Location: Vegetable Crops Research
Project Number: 5090-21000-069-15-I
Project Type: Interagency Reimbursable Agreement
Start Date: Sep 1, 2016
End Date: Aug 31, 2020
1. To discover and characterize previously unknown genes in the broad range of diverse genetic stocks and germplasm to improve carrot disease and pest resistance; to better tolerate environmental stress such as heat and drought; to increase carrot productivity, processing and postharvest quality and yield; and to improve carrot flavor and nutritional value. 2. To develop genomic tools and expand the database for breeders to track the genes underlying important traits so that the understanding of the genomics of carrot can be applied to practical breeding programs; and to make this information and these tools readily available. 3. To initiate the development of germplasm and breeding stocks with new and/or improved production, processing, and consumer quality traits. 4. To perform research on carrot nutrient bioavailability and stability. 5. To inform carrot stakeholders and seek their feedback regarding research results and germplasm resulting from this project. 6. To train students and educate the public about carrots, agriculture, and food.

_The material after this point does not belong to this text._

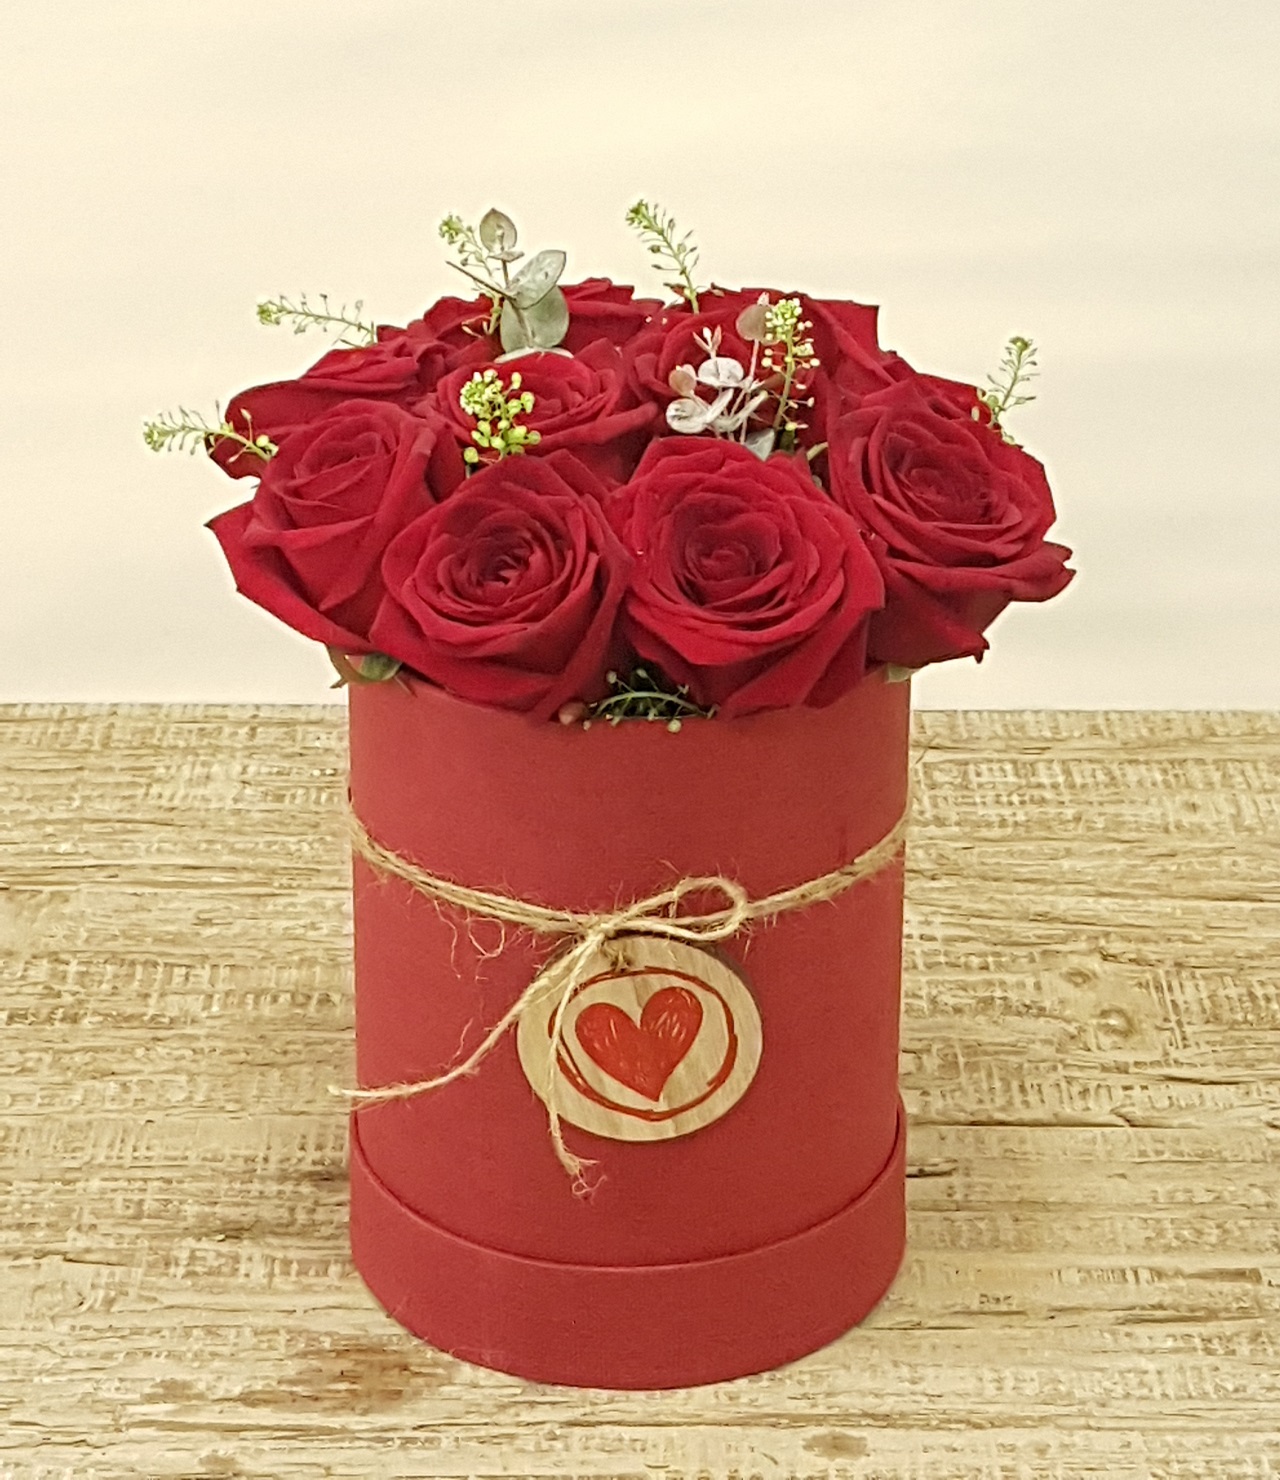 Enviar caja con 10 rosas de San Valentín a domicilio

a) Grow and evaluate recombinant inbred lines (RILs) and segregating populations, phenotype (using methods we have established), apply genotyping protocols we already use to map quantitative trait loci (QTLs), identify candidate genes, and initiate selection. b) Grow and evaluate germplasm accessions, phenotype (using methods we have established), apply genotyping protocols we use to map quantitative trait loci (QTLs), identify candidate genes, and initiate selection. c) Grow carrot germplasm in cooperating growers’ fields, evaluate traits, and gather grower comments/feedback on the lines for selection of desired traits. d) Evaluate carrot flavor (harshness, sweetness, texture) and appearance in trained consumer panels using methods we have established. e) Evaluate high and low carotenoid and/or anthocyanin bioavailability in carrot lines using humans and gerbils with methods we have established. f) Evaluate optimal economic investment in a research model for traits evaluated.